Name, age, and Local 19: Why Philly men list their unions on Tinder
An undercover investigation into a regional dating quirk.
Swipe long enough and you were bound to find 'em.
Somewhere between “founder at tech company” and graduate student at Temple University was journeyman plumber at Local 690. And there was another, after the baristas, consultants, and (a favorite job title) “hustlers”: a tile setter at Local 1 Bricklayers and Allied Craftworkers Philadelphia. One guy just listed Glaziers Local Union 252, as if it spoke for itself.
They say the labor movement is dying. They must have never gone deep on Tinder.
On a platform where you get one big photo and just a few lines to prove your desirability, every word counts.
That men in the building trades were using their precious space to proclaim their Philly locals was saying something, I was sure. But what exactly? And, in the end, did it matter to the people they were trying to attract?
As The Inquirer’s labor reporter, I wanted to know. So I went undercover.
Tinder Reporting 101
A word on the investigative process: Reporting on Tinder is tricky.
My aim was to be up front. But, because Tinder won’t allow you to message anyone unless you both “like” each other, I also needed to attract matches. So I chose a come-hither photo and kept my bio ethically sound: “Reporter on duty.”

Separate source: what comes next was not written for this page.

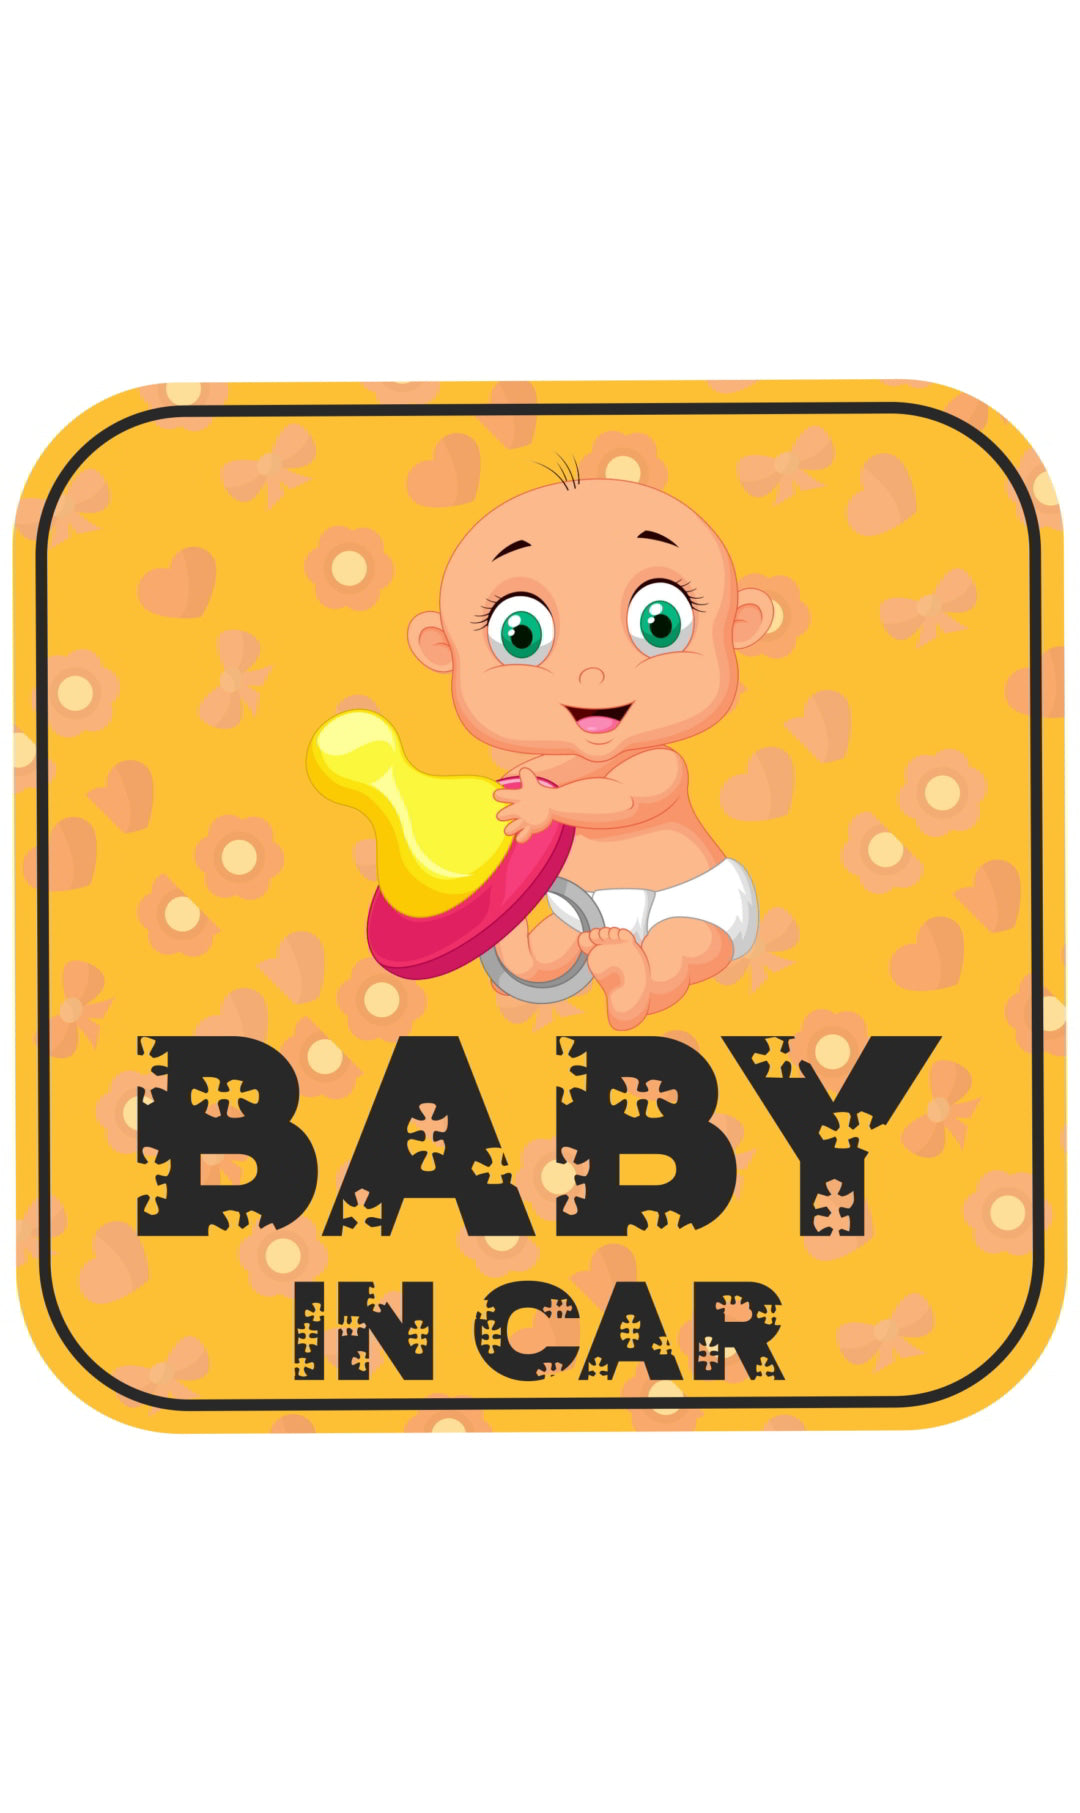 Baby in Car Decal Sticker(2pc)_c30

Then, because I couldn’t just filter for union members or write “building trades to the front,” I had to swipe. A lot. Which led to the inevitable muscle-memory of swiping left. Which led to the accidental rejection of a United Brotherhood of Carpenters profile, which led to one delirious hour later looking for just one more union guy...
Lastly, timing was important. If I didn’t message someone immediately after matching, I would have to undo some things, like this:
Of course, there were guys (usually, it should be noted, from electricians union Local 98) who trolled: Is this really what passes for a story at The Inquirer these days? Others tried to parlay the interview into a date, or at least a few more pics.
But the guys who did talk to me — stagehands, electricians, operating engineers — most of them unwilling to let me print their names, told me this: It was a pride thing. “Going from non union to union, you realize you really earned something,” one electrician said. “You bust your ass for it.”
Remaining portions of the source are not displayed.